Data entries
Segment Open

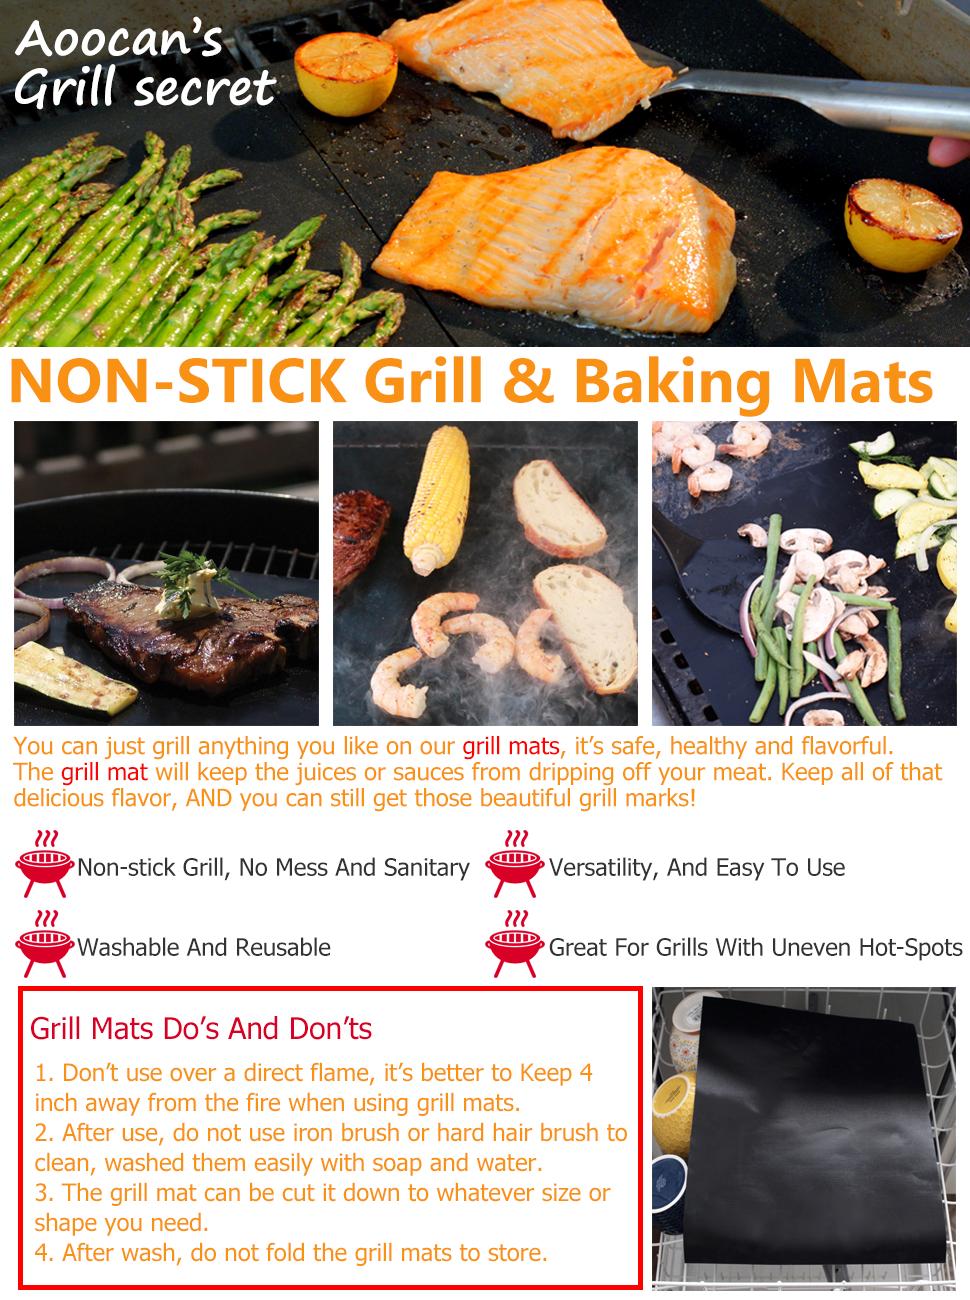 Non-stick grill mats - Aoocan
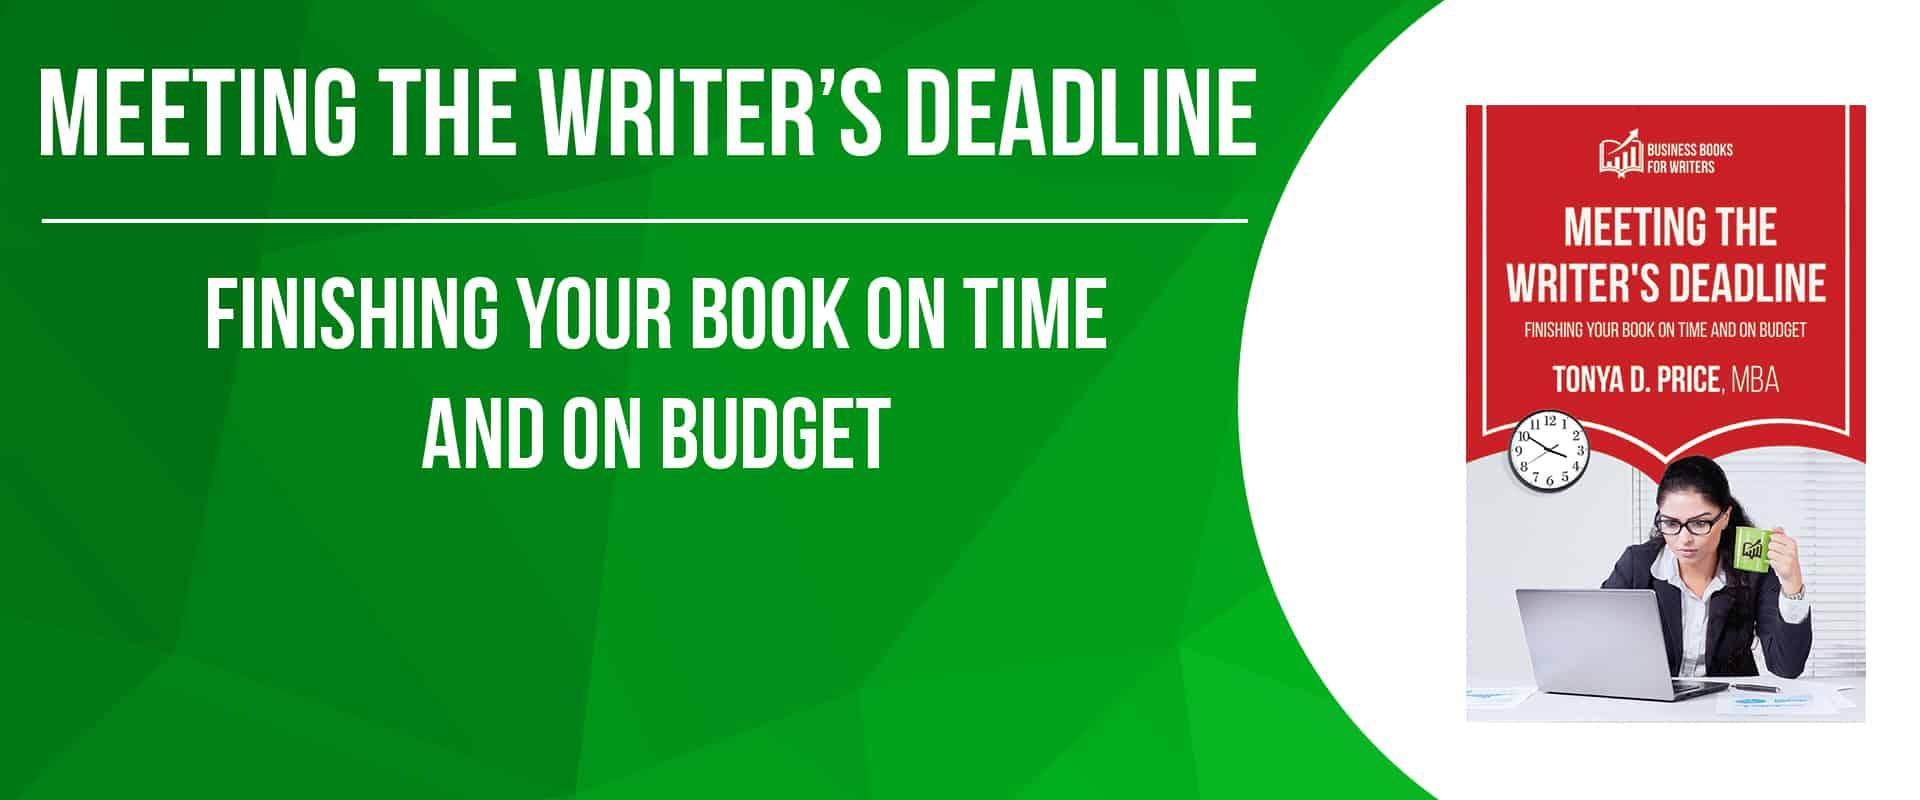 Meeting the Writer's Deadline
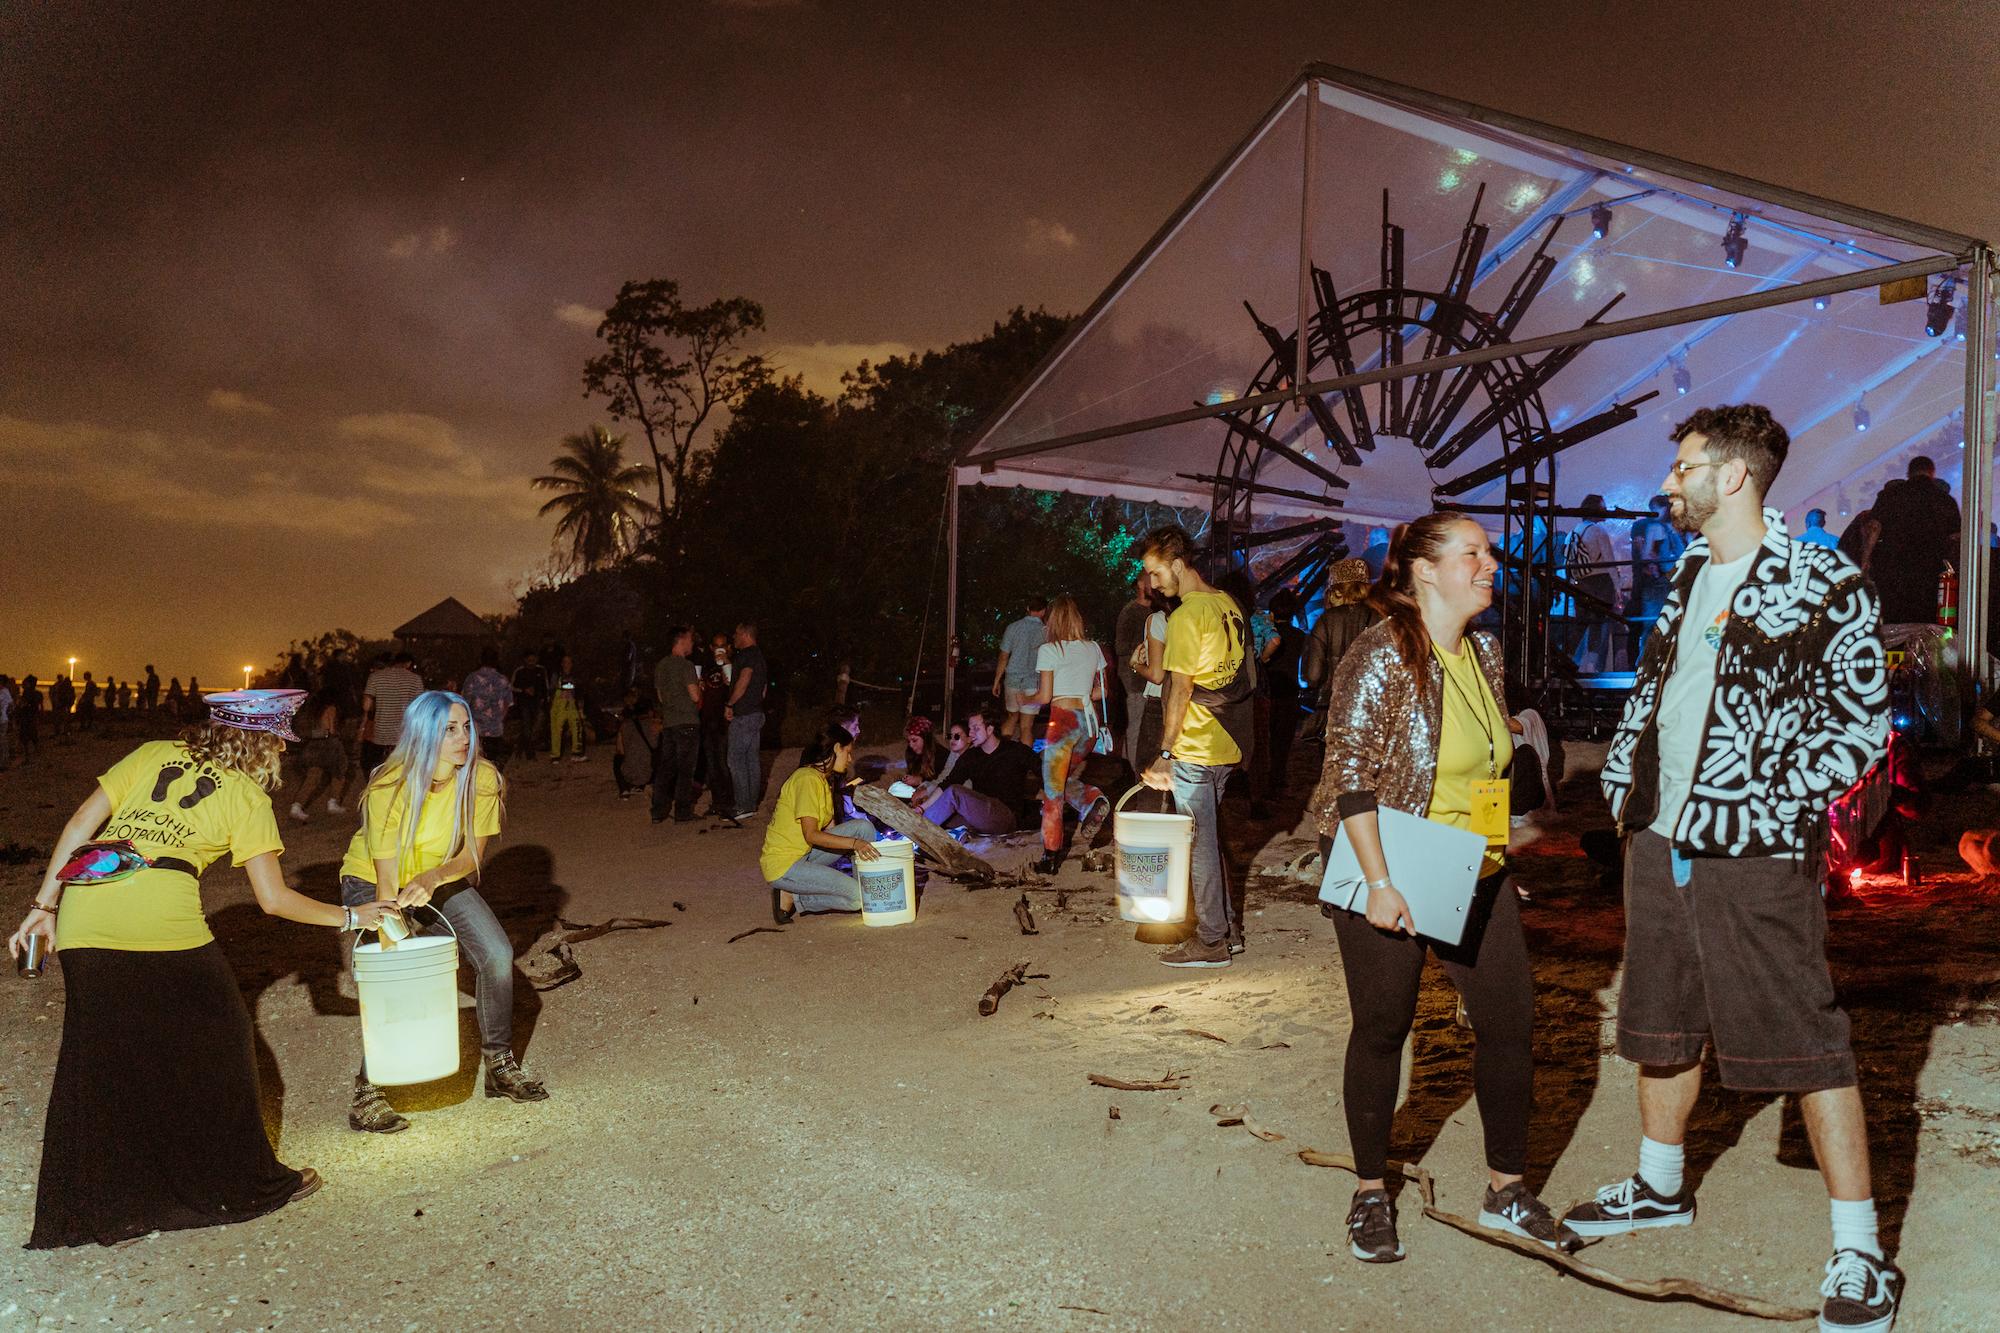 Cleaning up Rakastella Festival in Miami
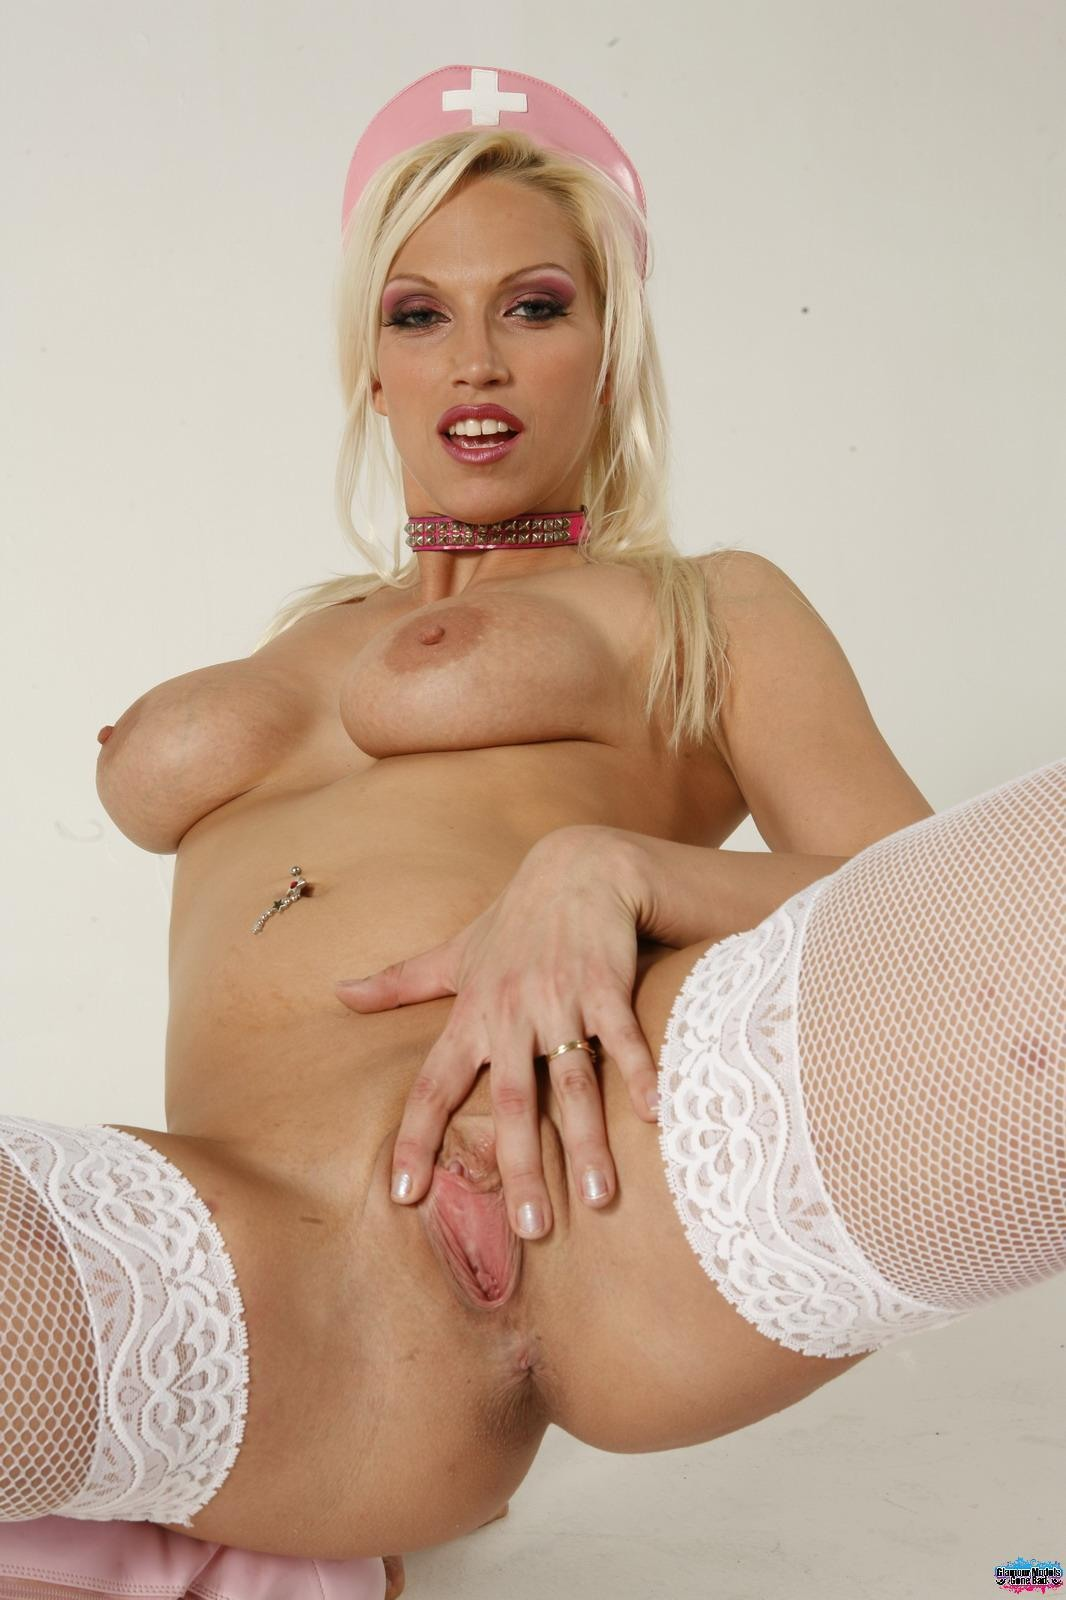 A blond sexy nurse
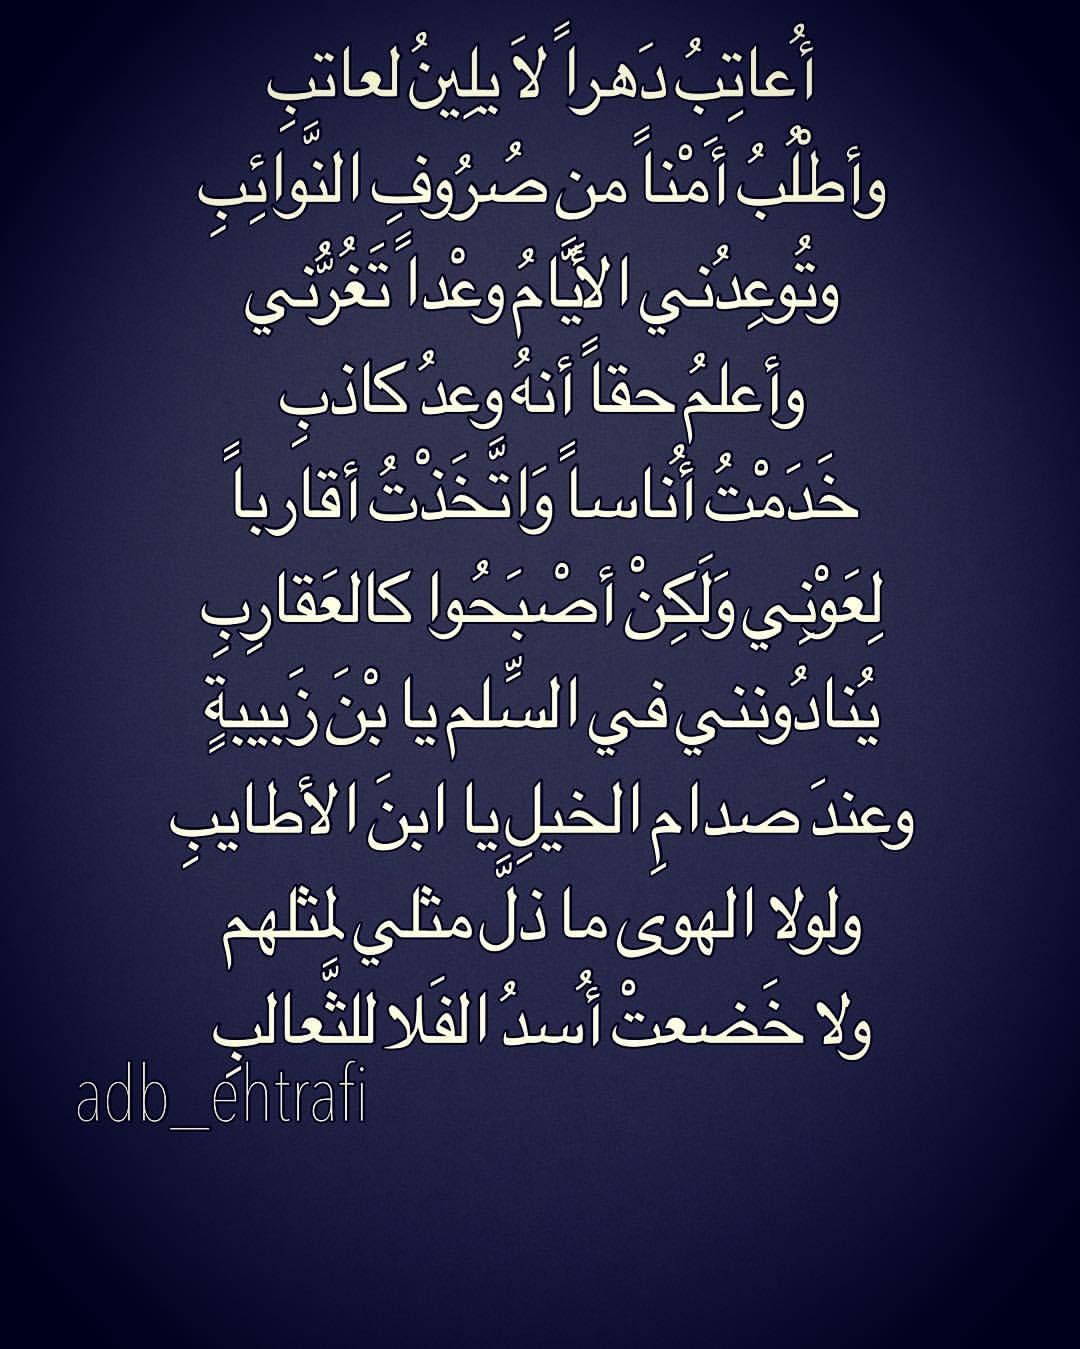 عنترة بن شداد Cool Words Pretty Words Arabic Love Quotes

Segment Closed

• What is needed
Only the lines from the one containing "Meeting the Writer's Deadline" through the last line of the records above should be repeated, exactly and without pictures.

• Output below
 Meeting the Writer's Deadline
 Cleaning up Rakastella Festival in Miami
 A blond sexy nurse
 عنترة بن شداد Cool Words Pretty Words Arabic Love Quotes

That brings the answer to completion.